Comment 6 Justin Karneges 2007-08-03 10:52:46 UTC
QCA is extremely flexible with regards to the root certificates.  Even QCA v1 was this way (and indeed, you could add certs into Psi 0.10 and all prior releases based on QCA v1, dating back to 2003).

With QCA v2, there is additionally a notion of "system" root certificates, which gives you easy access to the root certificate storage of your operating system.  If your OS does not support its own root certificates, then QCA bundles a copy of the Mozilla roots for the occasion (this is what you found in the qca/certs/ dir in SVN).  It is also possible to add alternative system certificate storage support via plugins.  Please note that using the system roots requires a voluntary call to QCA::systemStore().  You are totally in control of what certs count as root certs, and you can even read from your own files and build your own list at runtime, etc, just like with QCA v1.

So yeah, Kopete could do this.  It just doesn't.

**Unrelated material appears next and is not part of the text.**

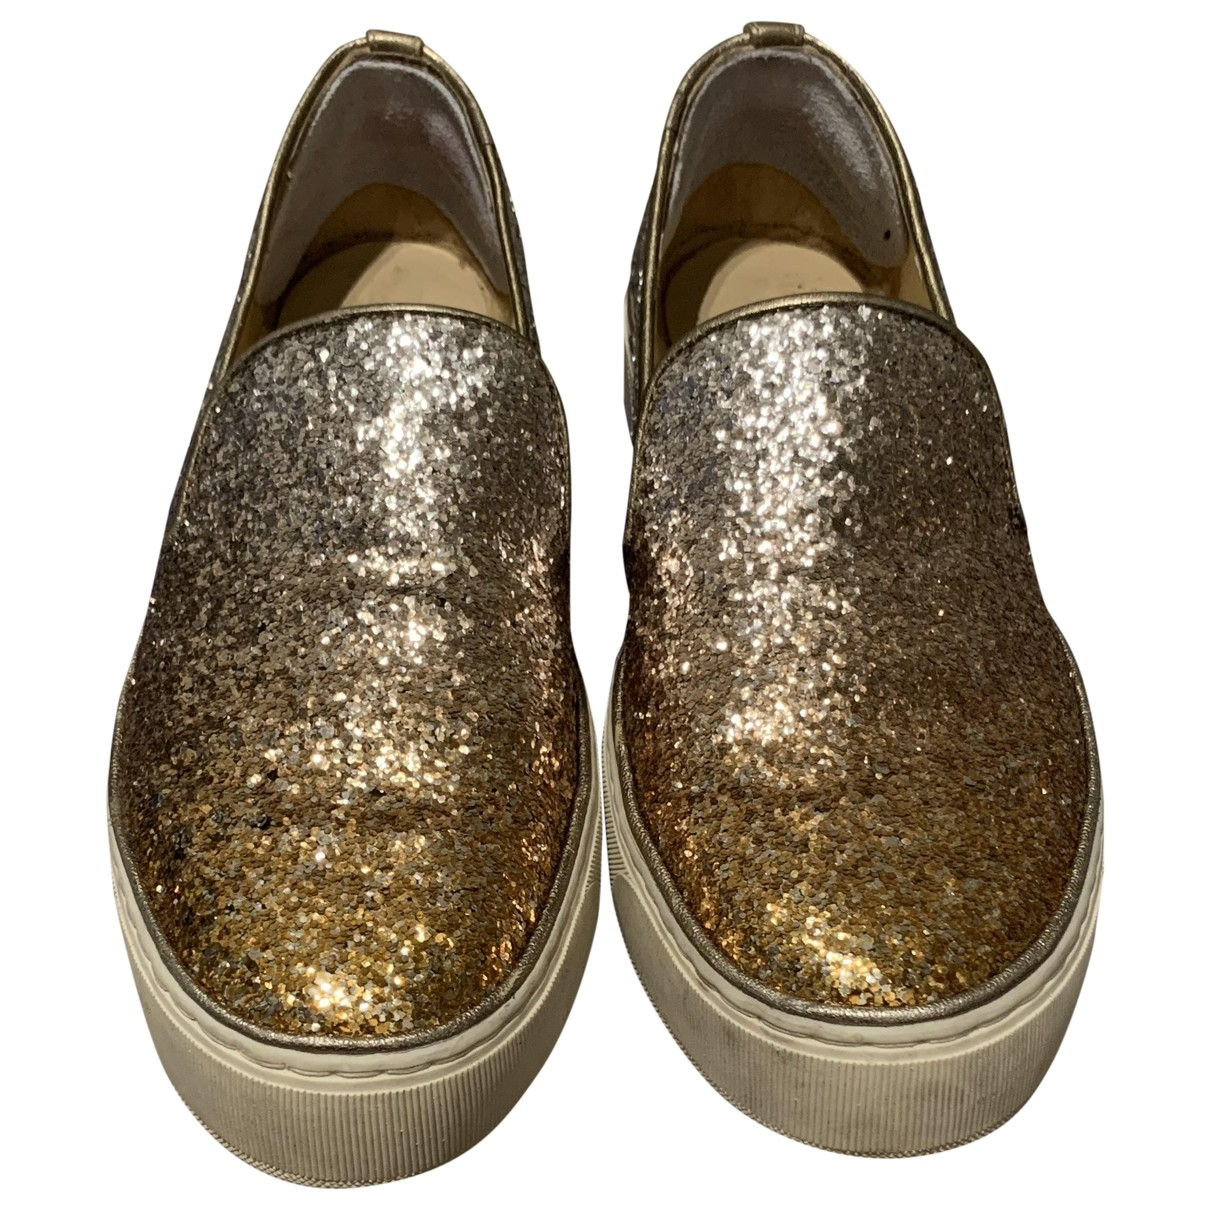 Stuart Weitzman \N Sneakers in  Gold Mit Pailletten

I had to write this because the comments on this bug were horrifying. :)
Comment 7 michael perigard 2008-01-20 02:35:25 UTC
*** This bug has been confirmed by popular vote. ***
Comment 8 Alec Kloss 2008-05-16 16:36:16 UTC
In kopete 0.12, this can't be done.  The pertinent bit of code is in kopete/protocols/jabber/jabberclient.cpp:

        QPtrList<QCA::Cert> certStore;
        d->jabberTLS->setCertificateStore ( certStore );

Yes, that's an empty certificate store list.  I've hacked around in QCA-TLS to get it to add the certificates in $OPENSSL/certs and I've also hacked around in kopete to get it to add the certificates from KDE's certificate store.  There's also a bug where Kopete then tries to validiate the server certificate against the IM domain rather than the server hostname.  This keeps it from working correctly for at least talk.google.com.  I've got an awfulhack which fixes this too, but it requires changing a private mHost to public and blindly upcasting from XMPP::Connector to a JabberConnector... yikes.  Would a kopete developer like patches?
Comment 9 Dominik Tritscher 2008-07-22 11:58:47 UTC
I'm using kopete 0.50.80 from Kubuntu packages and can't reproduce that bug here.
Comment 10 Roman Jarosz 2010-01-17 15:40:38 UTC
Please update to newer version as we don't have manpower to support Kopete in
KDE 3. If you still see this bug in new version please reopen this bug report.
Comment 11 Alex Pacini 2013-02-27 15:15:47 UTC
Hi,
I found some the same certificate problems in the last Kopete.
When I connect to talk.google.com kopete says that the certificate is invalid.
I I click cancel and i try to connect again, everything works.
The fact is that it doesn't even show the certificates details and i don't know how to save the certificate locally for a successive check.